As outside temperatures start to drop, your home’s insulation problems and air leaks may become more obvious. You may feel more drafts in certain rooms or hear the furnace kick on more often as it struggles to maintain a certain temperature setting. Contributing to these problems is wind-washing, which compromises insulation and whisks heat out of the home. While you may not be familiar with the expression, you may be well-acquainted with its home-chilling effects.

Wind-washing is wind-driven air pressure moving through the wall or roof assembly, which lowers the insulation’s effective R-value. This often occurs at building corners or in attic spaces where the house faces a prevailing wind. Wind can drive air into attic soffits on one side, through the attic insulation, and out the soffits on the opposite side.

Most insulation works by trapping pockets of warm air and slowing the movement of heat. Fibrous insulations, such as fiberglass and rock wool, are porous and allow wind to flow through their fibers. Denser insulations like blown loose-fill cellulose are less prone to wind-washing, and solid insulations like XPS foam board or most spray foams are barely affected.

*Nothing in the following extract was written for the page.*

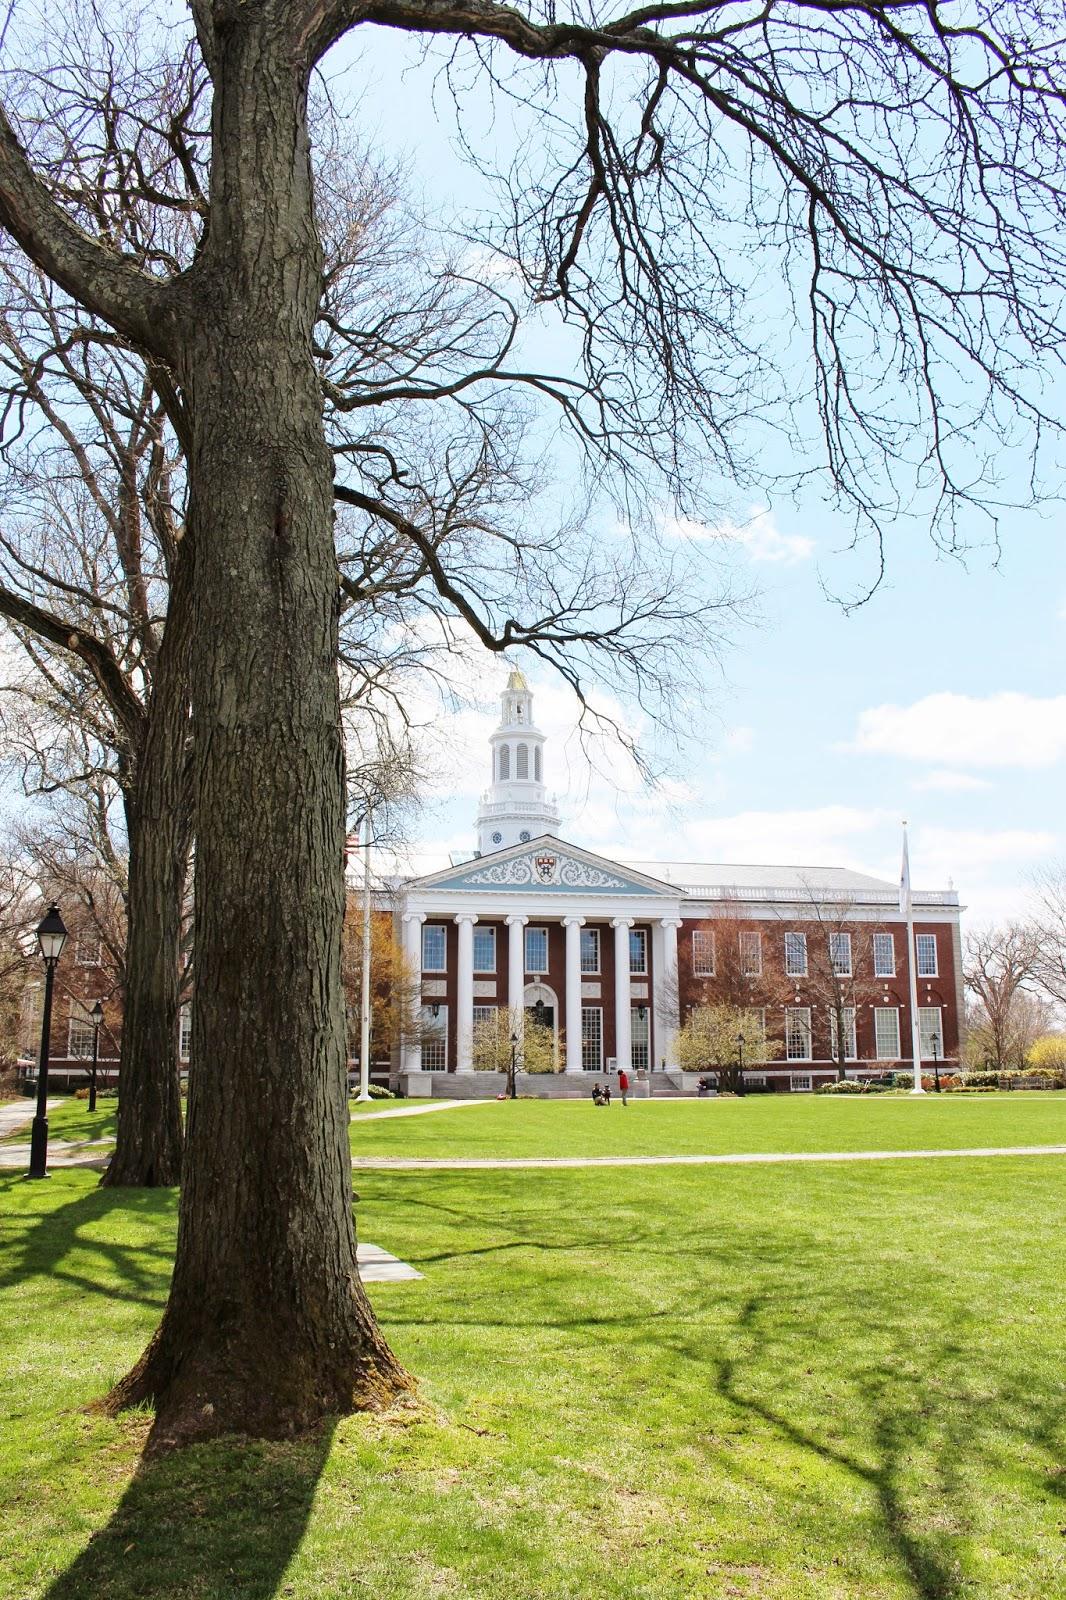 bijuleni - Harvard School of Business Library

If your home has drafts, a blower door test by an experienced energy professional is a good first step to identify exactly where drafts are occurring. Home facades with open exposure (in a field or on a waterfront) or facing a persistent wind (in New England, Nor’easters) should be paid particular attention. Caulking wall penetrations (electrical boxes, cable lines, telephone lines, around window frames, etc.) and proper weatherization can help minimize wind-driven drafts.

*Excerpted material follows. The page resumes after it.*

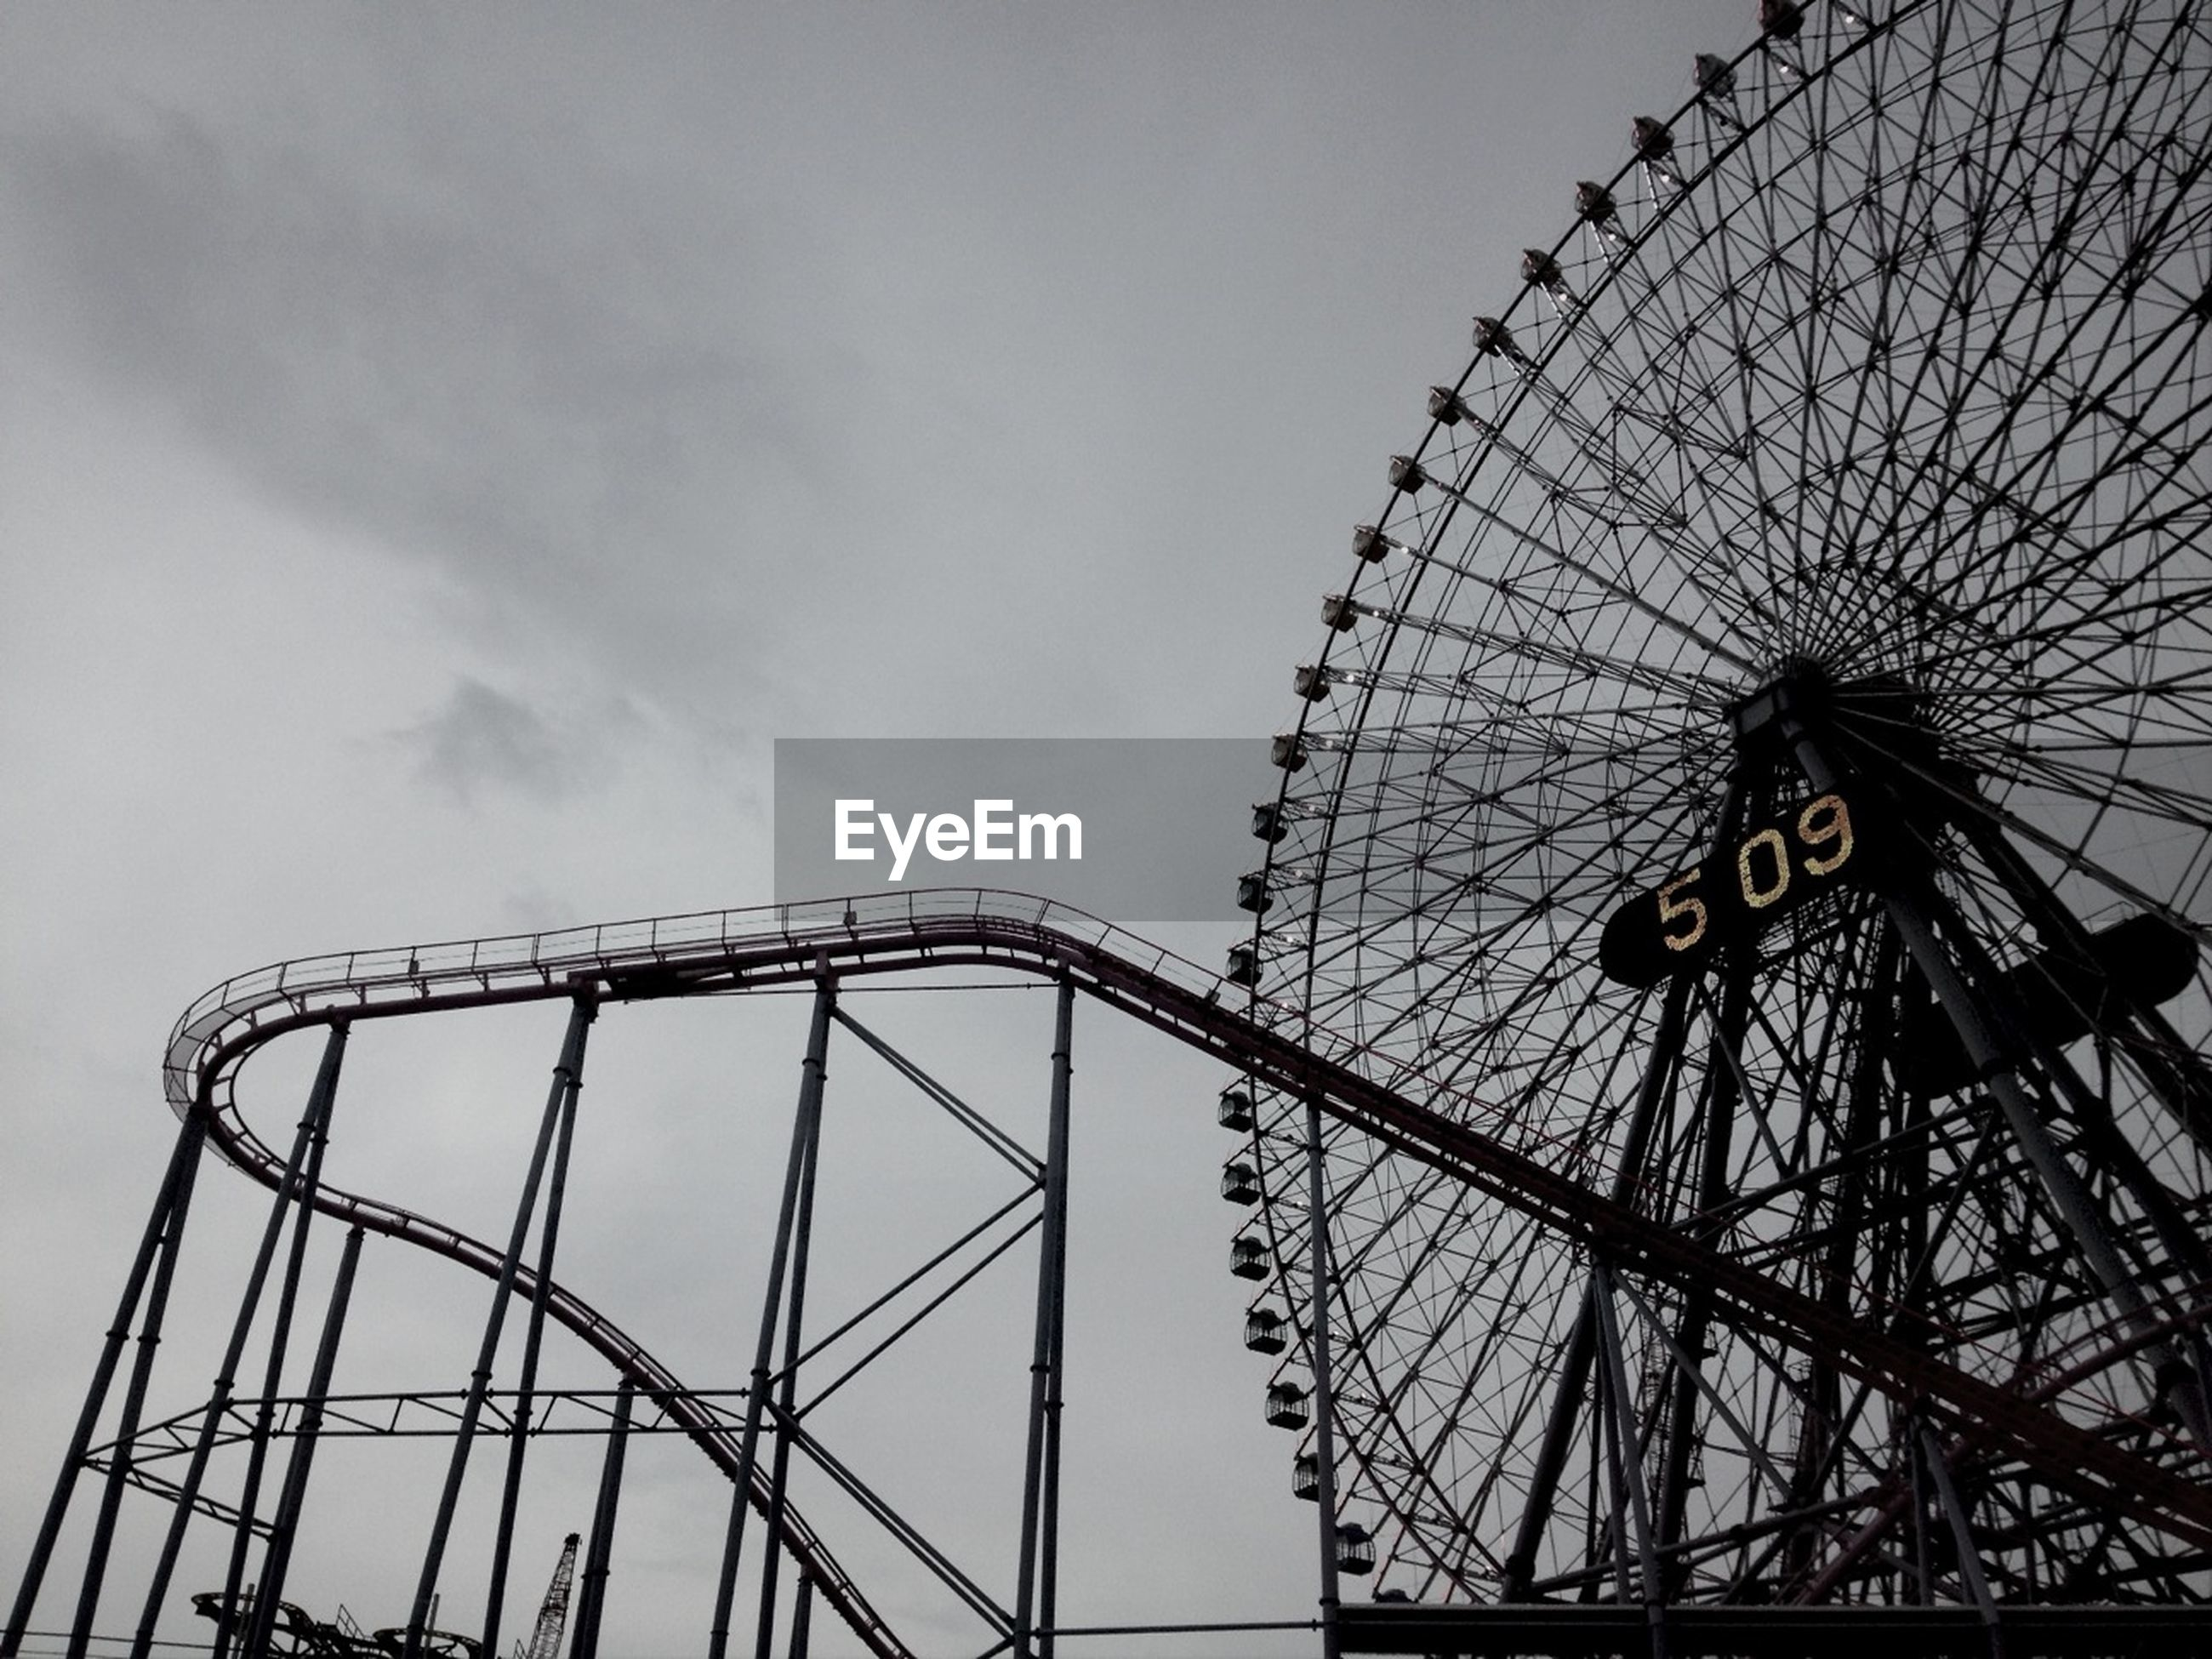 amusement park, ferris wheel, amusement park ride, low angle view, arts culture and entertainment, sky, metal, built structure, fairground, day, outdoors, big wheel, large, fun, cloud - sky, part of, no people, fairground ride, clear sky, metallic

Unsealed soffits in vented attics and kneewall spaces can also be vulnerable—wind will gust into the attic (or into living space if the soffits are adjacent to rooms), pushing into the building frame and insulation. This can be solved by installing foam blocks flush against existing attic baffles and sealing with foam gap sealant. Another method is installing attic baffles/proper vents with a built-in wind barrier. Both of these methods ensure that the wind travels up the venting rather than into your house or the insulation.